Stunned, Jake left the dimly lit building meekly when an officious person, presumably the administrator or doctor in charge, fired a volley of Russian at their escort and pointed at the door.

“The sewage treatment plant… I want to see the sewage treatment plant.”

The translator had great difficulty understanding the request. Toad got into the act. Finally Jake realized that there was no sewage treatment plant. Eventually it became clear that the sewage was piped straight to the local river. The translator led them to the bank where they could look down upon the discharge pipes.

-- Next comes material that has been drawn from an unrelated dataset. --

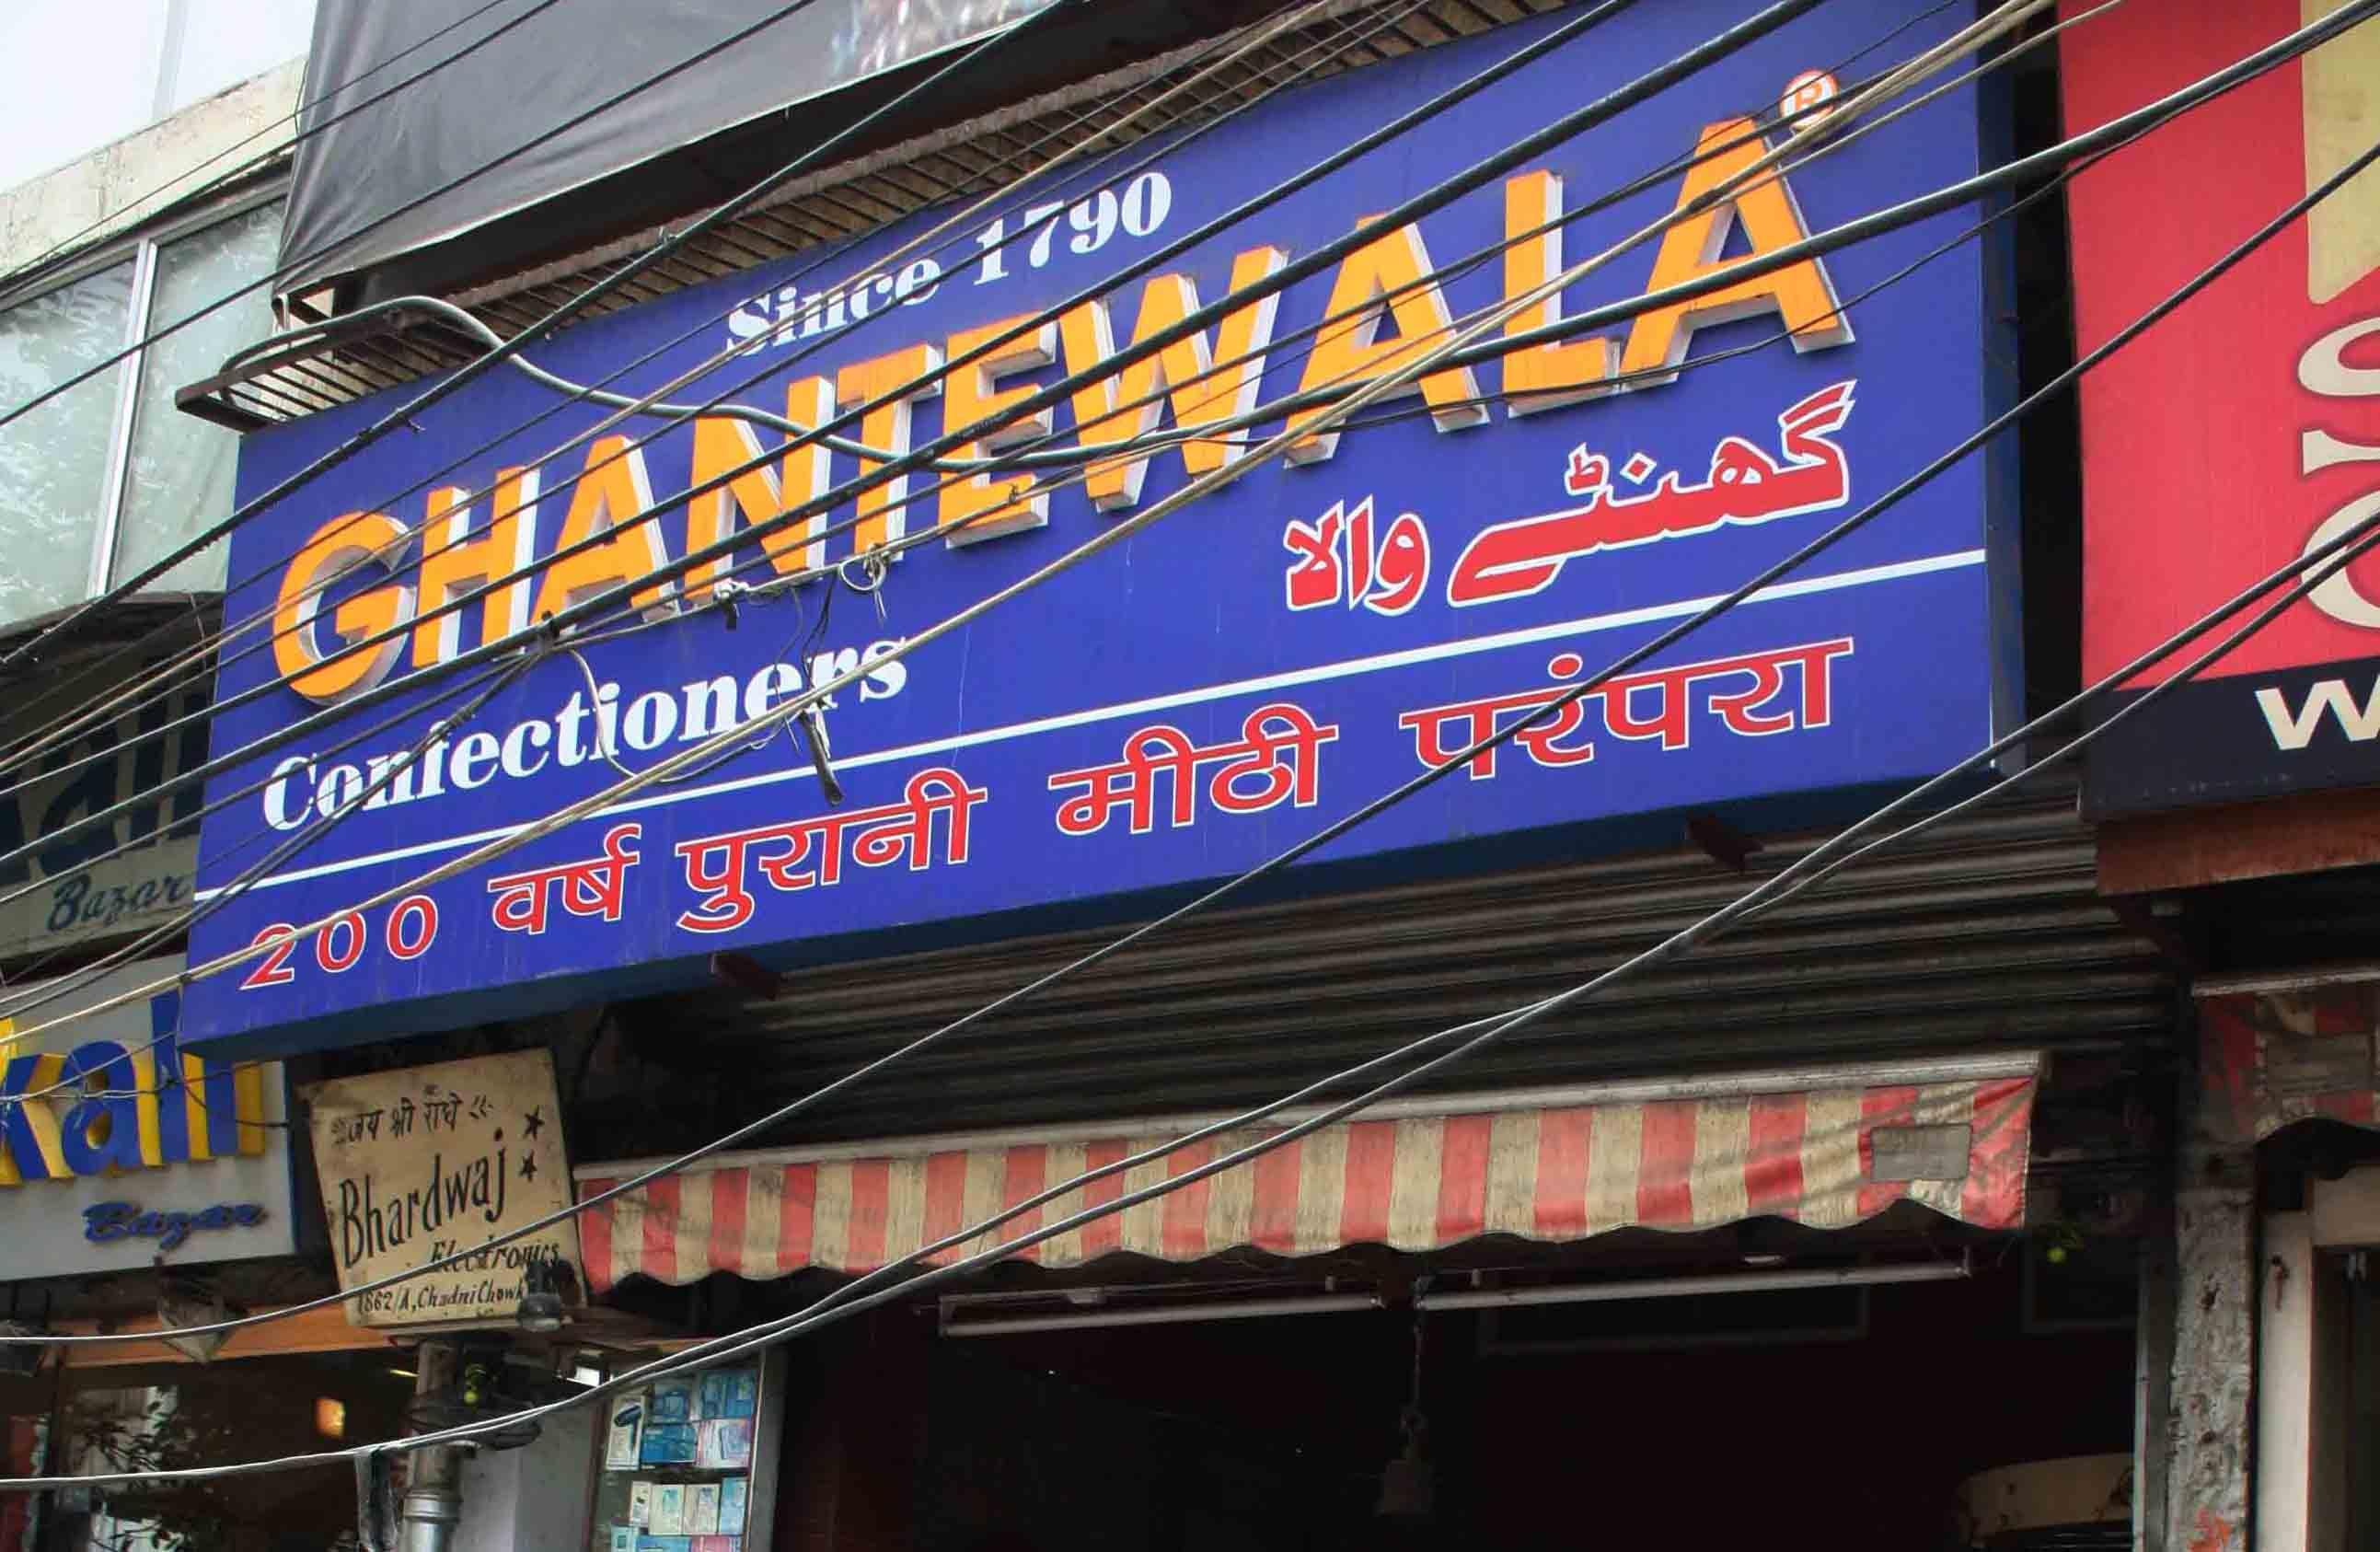 City Obituary - Ghantewala Confectioners (1790-2015), Chandni Chowk

And nearby was the garbage dump. Above ground. The wind brought a whiff of it to where Jake and Toad and the translator were standing. Some small creature darted toward the pile, birds wheeled above, clouds of flies…

For all these years, Jake thought savagely, we have been told about the vast capabilities of the Soviet military machine. And it’s all a lie. The shiny missiles and pretty tanks are the whole show. The men who must operate these weapons are poorly housed, in ill health, live in unsanitary conditions and eat food a Western health inspector would send to a landfill. It’s all a lie.

What was it General Brown had said? The Soviet Union is a nation in total social and economic collapse. Nothing works. Nothing!

He was in a subdued mood when he boarded the plane for the return flight to Moscow. General Yakolev made some comment but he paid no attention.

* * *

Toad Tarkington had a drink in each hand, and he held out one to Jake Grafton, who looked but didn’t reach.

“It’s Scotch on the rocks,” Toad said. Seeing the look on Grafton’s face, he added, “I broke the seal on the bottle myself and poured it.”